START DATASET SECTION
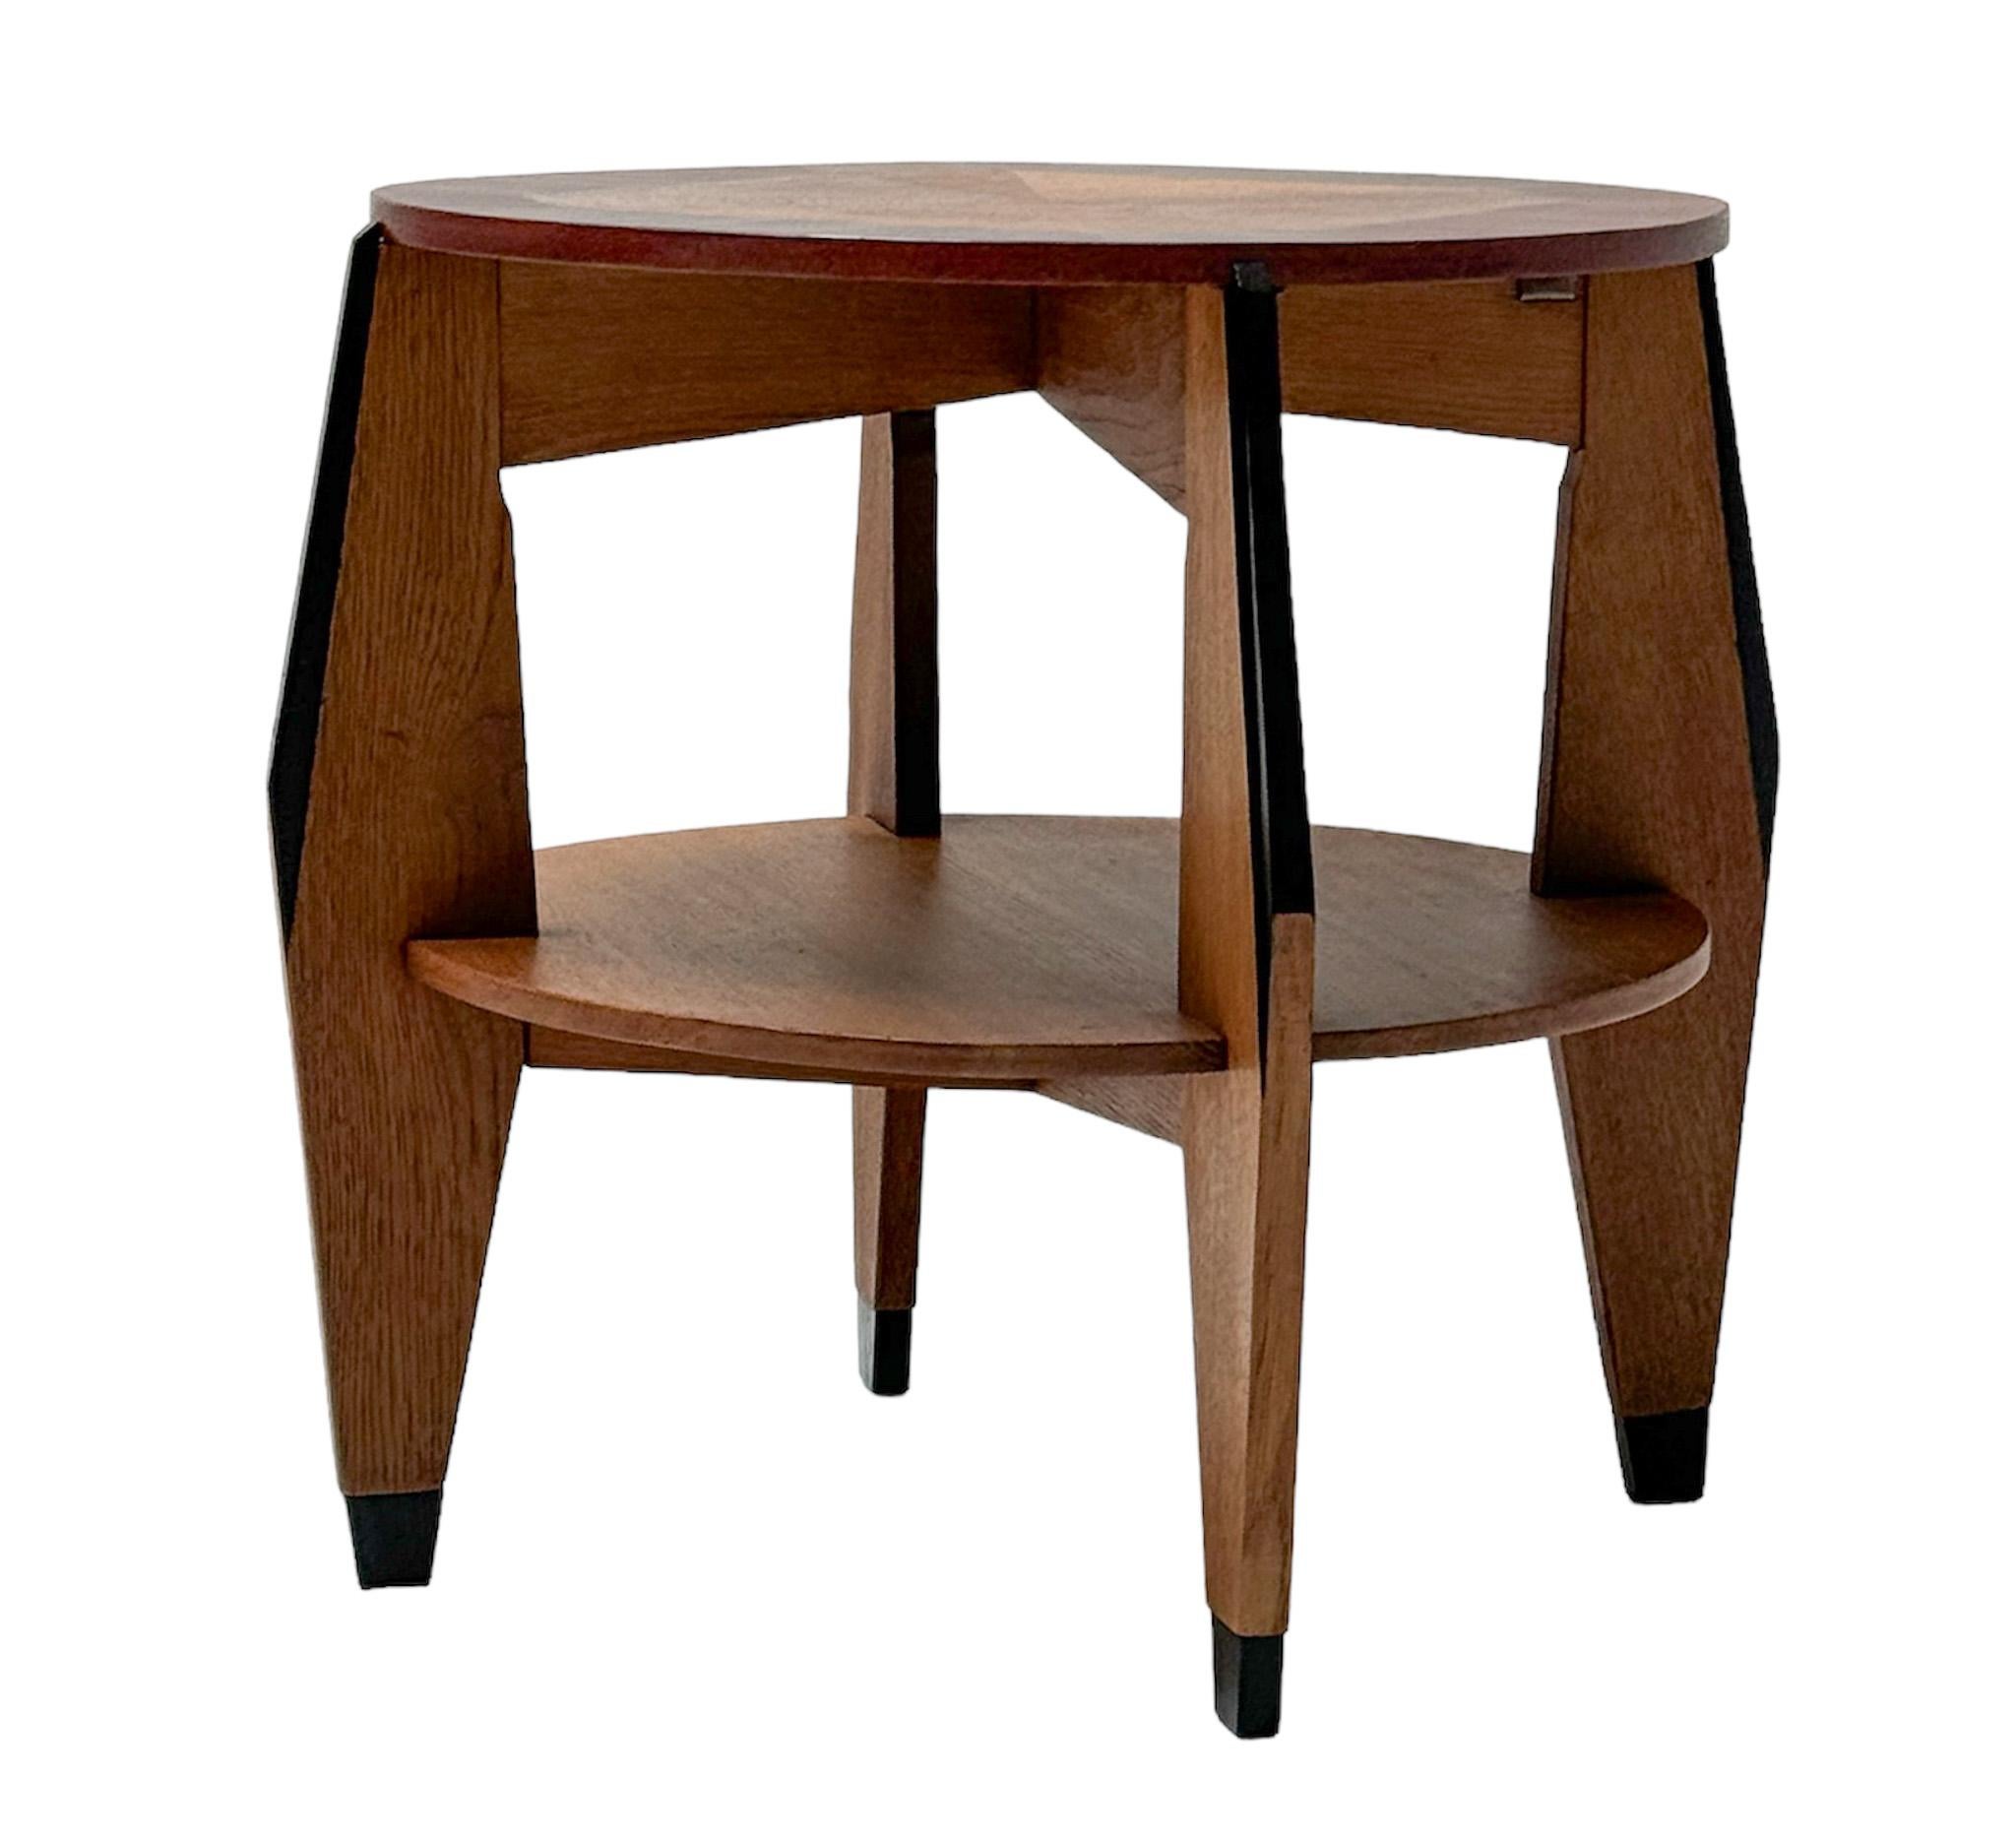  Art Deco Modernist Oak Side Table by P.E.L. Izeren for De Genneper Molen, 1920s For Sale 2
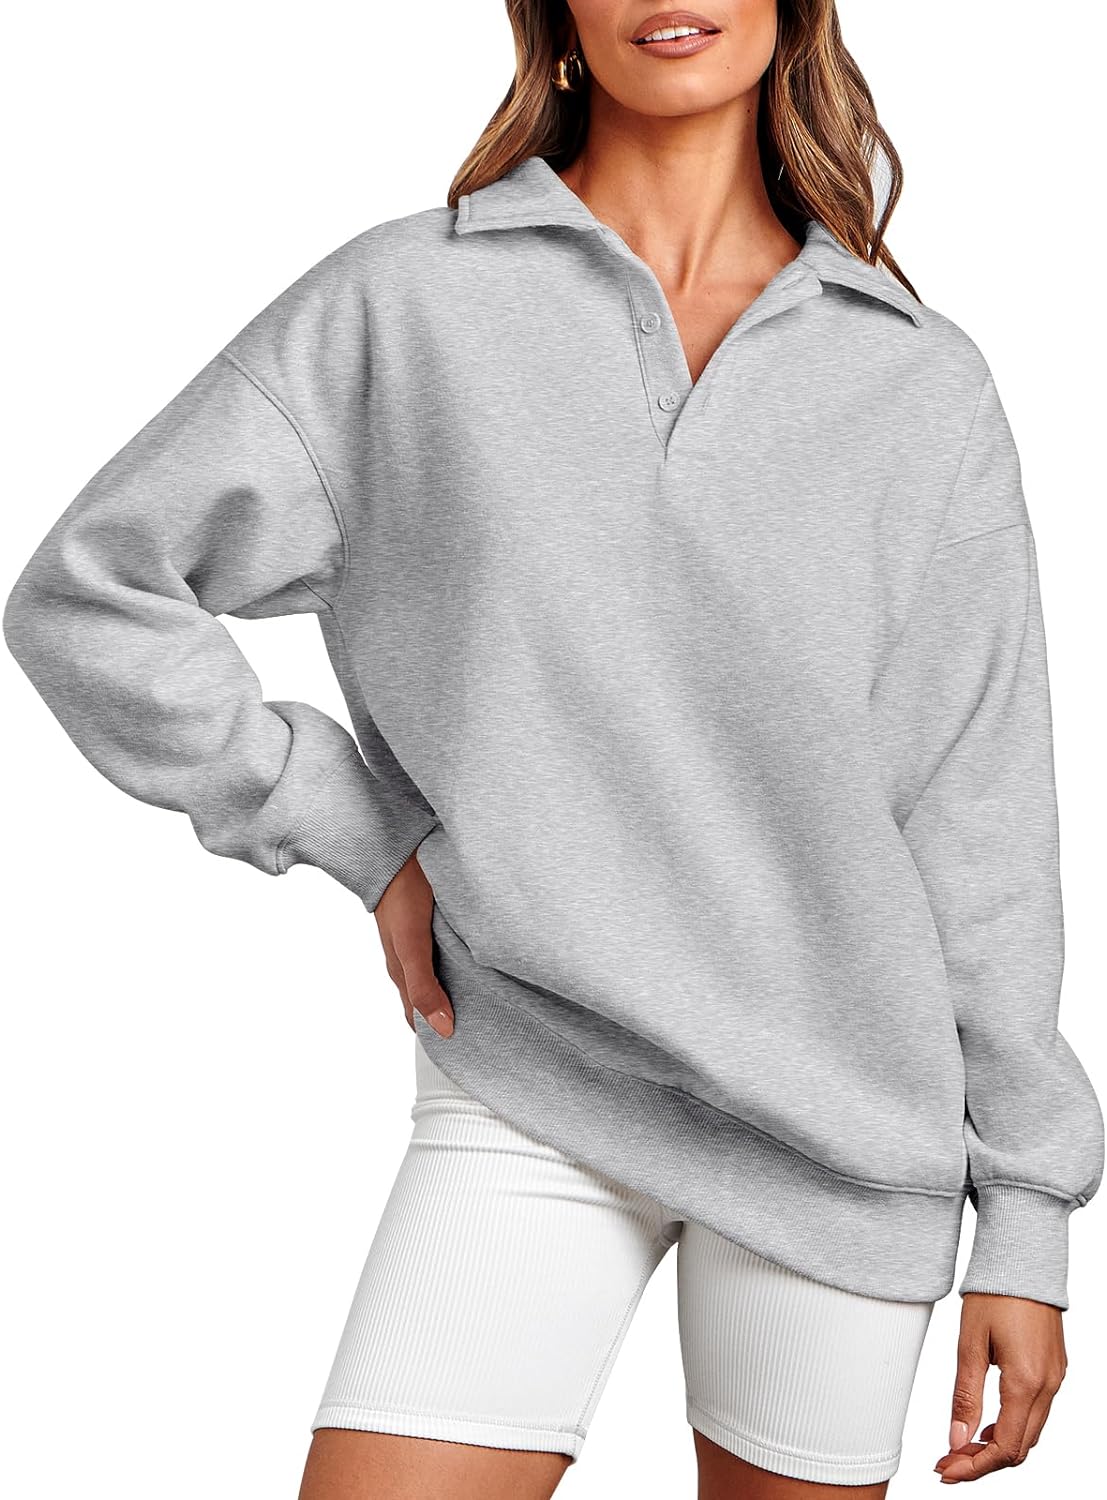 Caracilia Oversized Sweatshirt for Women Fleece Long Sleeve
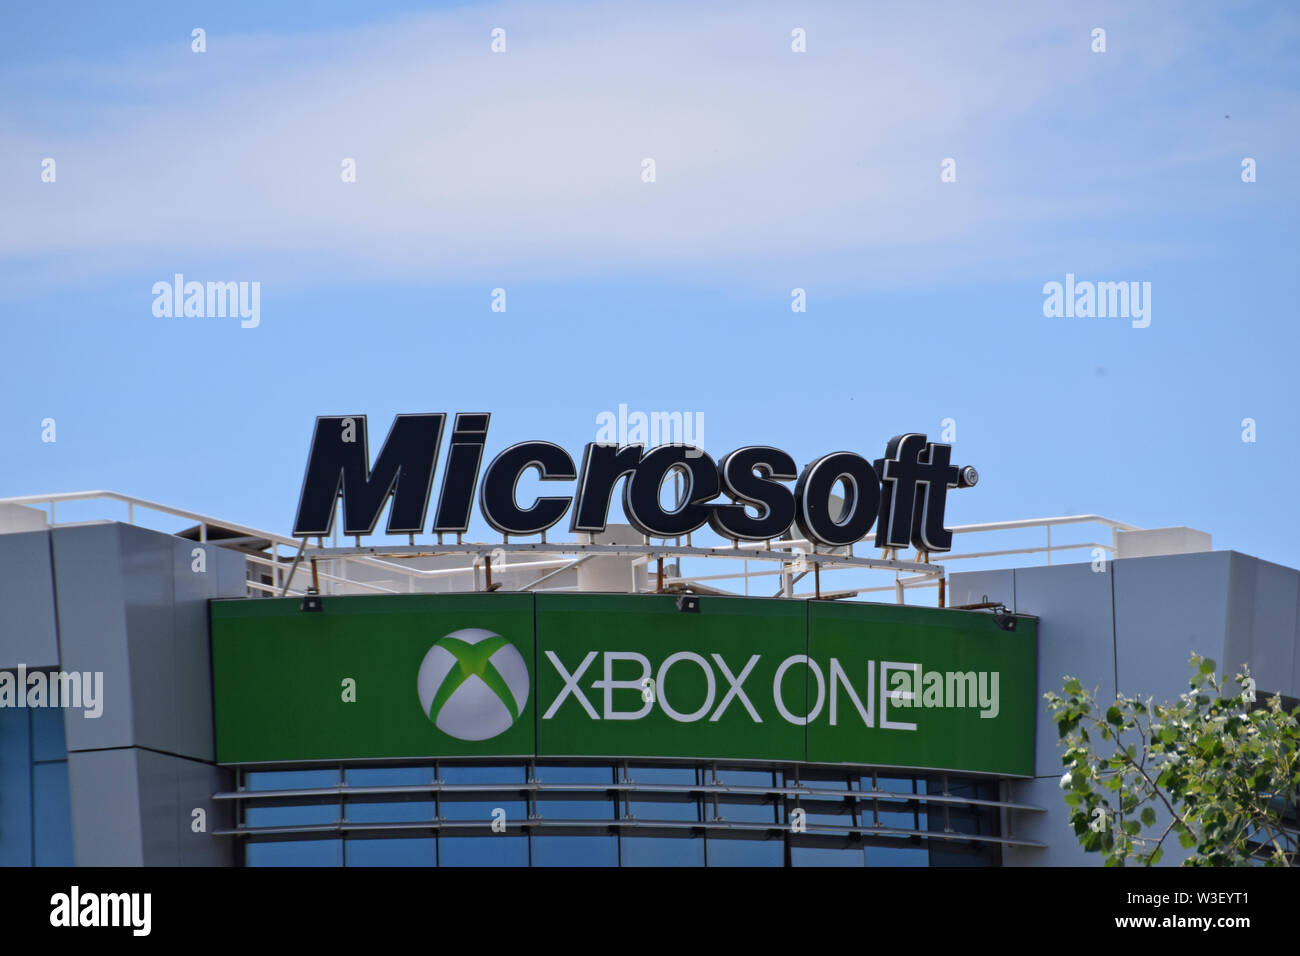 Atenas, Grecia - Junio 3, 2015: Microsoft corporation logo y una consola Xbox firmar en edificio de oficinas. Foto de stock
END DATASET SECTION
◆ **YOUR TASK**
The lines from the one containing "Caracilia Oversized Sweatshirt" through the last line above are to be repeated exactly, and only those. Any pictures must be left out.

◆ **RESPONSE AREA**
 Caracilia Oversized Sweatshirt for Women Fleece Long Sleeve
 Atenas, Grecia - Junio 3, 2015: Microsoft corporation logo y una consola Xbox firmar en edificio de oficinas. Foto de stock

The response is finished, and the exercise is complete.